Kubernetes Networking on AWS, Part II

Vilmos Nebehaj
Elotl blog
Published in
4 min readNov 11, 2019

Last time we looked at a simple networking setup for Kubernetes on AWS using kubenet. An alternative to it is the official AWS VPC CNI plugin, which is also the default CNI plugin on EKS, AWS’ managed Kubernetes service. Let’s take a look at how this CNI plugin works, and what its pros and cons are.

Pod networking via CNI

When it comes to CNI plugins that implement Kubernetes pod networking, there are two main types:

  • Overlay networks and
  • Layer 3 implementations.

Overlay networks use tunnels to route pod traffic among worker nodes, thus implementing a virtual network on top of an existing layer 3 network. Flannel and Weave are examples of CNI plugins that enable pod networking via an overlay network.

Overlay network, using VXLAN tunnels. Source: https://techcommunity.microsoft.com/t5/Networking-Blog/Introducing-Kubernetes-Overlay-Networking-for-Windows/ba-p/363082

The other main type, layer 3 CNI plugins, set up routing for pod network traffic without tunnels or any kind of overlay network. They usually rely on a routing protocol such as BGP, and require nodes to be routeable among each other. Calico and kube-router, for example, are layer 3 CNI plugins.

Layer 3 networking with BGP. Source: https://rancher.com/docs/rancher/v2.x/en/faq/networking/cni-providers/

Pod networking via the VPC CNI plugin

The AWS VPC CNI plugin implements another approach: it allocates IP addresses for pods from the VPC address space. AWS allows extra network interfaces (ENIs) to be added to EC2 instances, and these interfaces can have multiple IP addresses. Since all these IP addresses come from the same VPC address space, all containers and nodes are allowed to communicate directly, via the VPC network fabric, without any extra route configuration or an overlay.

Pod networking with the AWS VPC CNI plugin

For example, the figure above shows two worker nodes, both having a primary ENI and a second one, each with a primary and a secondary IP address. All pods can communicate with each other, even when they are running on different nodes, using the VPC network. No tunnels or a route distribution mechanism is necessary. It is a flat network, and this way interoperability with other AWS services or networking with services outside of the VPC can be handled via the regular VPC mechanisms.

Jumbo frames are supported by the plugin, so pods running on instances with high network performance can take advantage of this throughput.

Each EC2 instance type has limits on the number of ENIs and the number of secondary IP addresses it is allowed to use. For example, a t3.nano instance can only attach two ENIs, and have a primary and a secondary IP address on each ENI. This limits the number of IP addresses available to four. In addition, the primary IP address on each ENI is used as the source IP address when communicating with IP addresses outside of the VPC; so, if the number of ENIs an instance can attach are M, the number of IP addresses per ENI is N, then the effective number of IP addresses available to pods on the instance will be M*(N-1)+2 (the extra two comes from taking into account a kube-proxy pod and the aws-node pod; aws-node is the CNI pod). Thus, a t3.nano instance can only use two IP addresses, limiting the number of pods it can run to two, besides the two system pods mentioned above (unless some pods use host networking, which makes the pod use the IP address of the node). A handy list of per instance type limits is available here: https://github.com/awslabs/amazon-eks-ami/blob/master/files/eni-max-pods.txt.

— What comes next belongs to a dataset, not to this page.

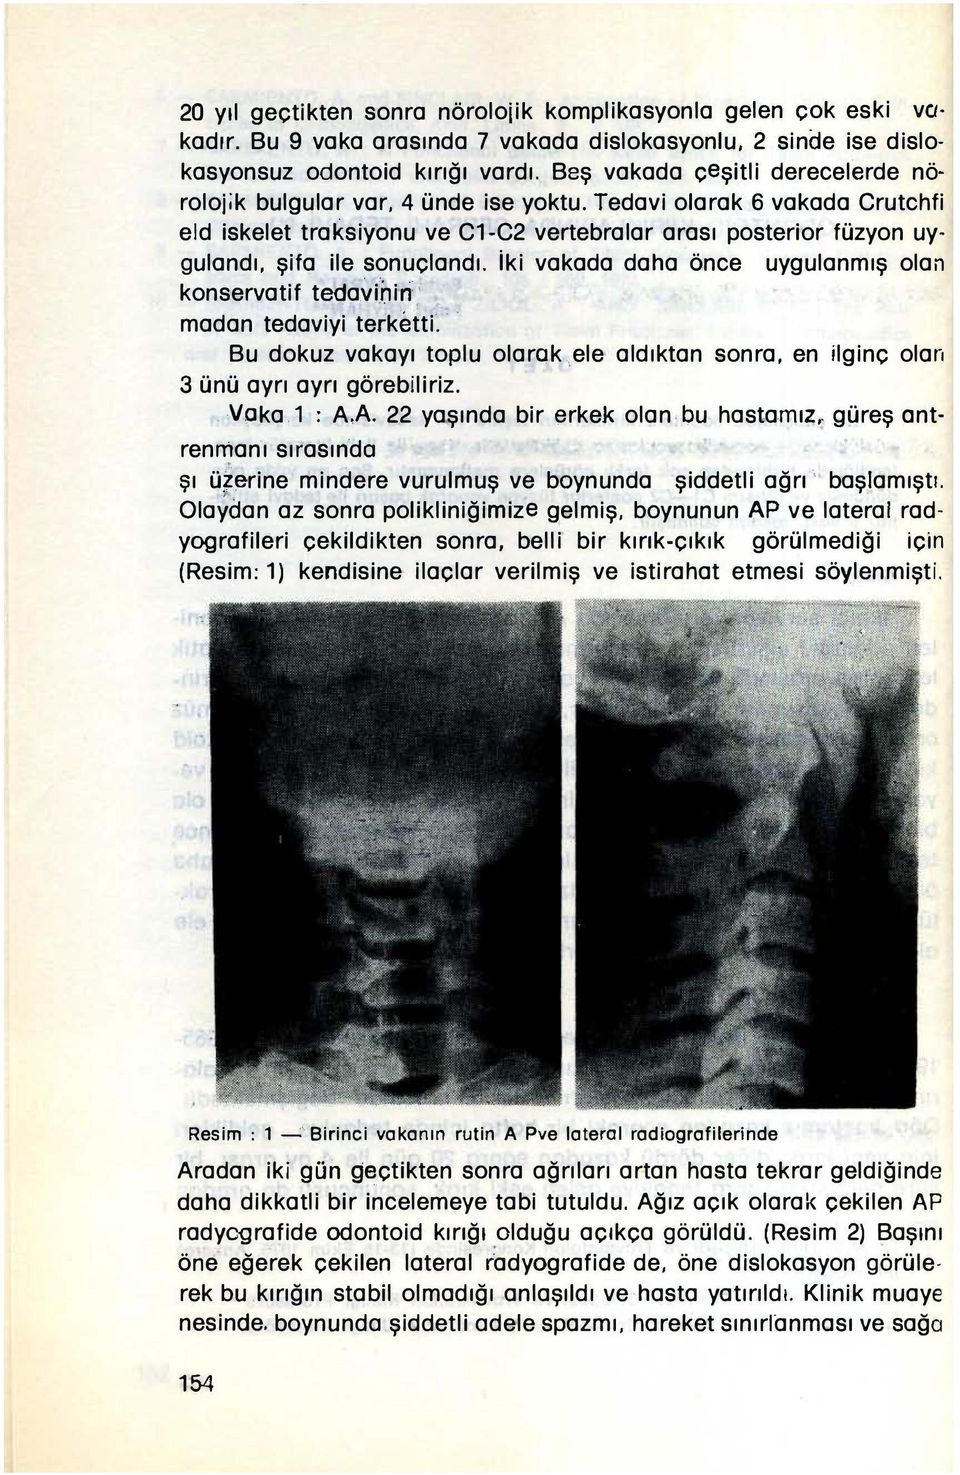 Tedavi olarak 6 vakada Crutchfi eld iskelet traksiyonu ve C1-C2 vertebralar arası posterior füzyon uygulandı, şifa ile sonuçlandı. jki vakada daha önce konservatif t a.

Unfortunately, aws-vpc-cni does not support attaching security groups to pods on a per pod basis (i.e., not via the node). To pin down security and limit communication with services in the VPC or outside of the VPC (for example, applications running in Kubernetes pods talking to a managed database), the best bet is defining NetworkPolicy resources. The AWS VPC CNI plugin does not support NetworkPolicy in Kubernetes, but adding Calico to the mix solves this issue.

Further implementation details on the AWS VPC CNI plugin can be found here: https://github.com/aws/amazon-vpc-cni-k8s/blob/master/docs/cni-proposal.md.

Conclusion

The AWS VPC CNI plugin provides pod networking capabilities for Kubernetes clusters running on AWS with near native VPC network performance. It, however, also poses limitations on the number of pods worker nodes can handle at a time — this might be a problem if one wants to run a large number of small pods. It is also lacking when it comes to security group support.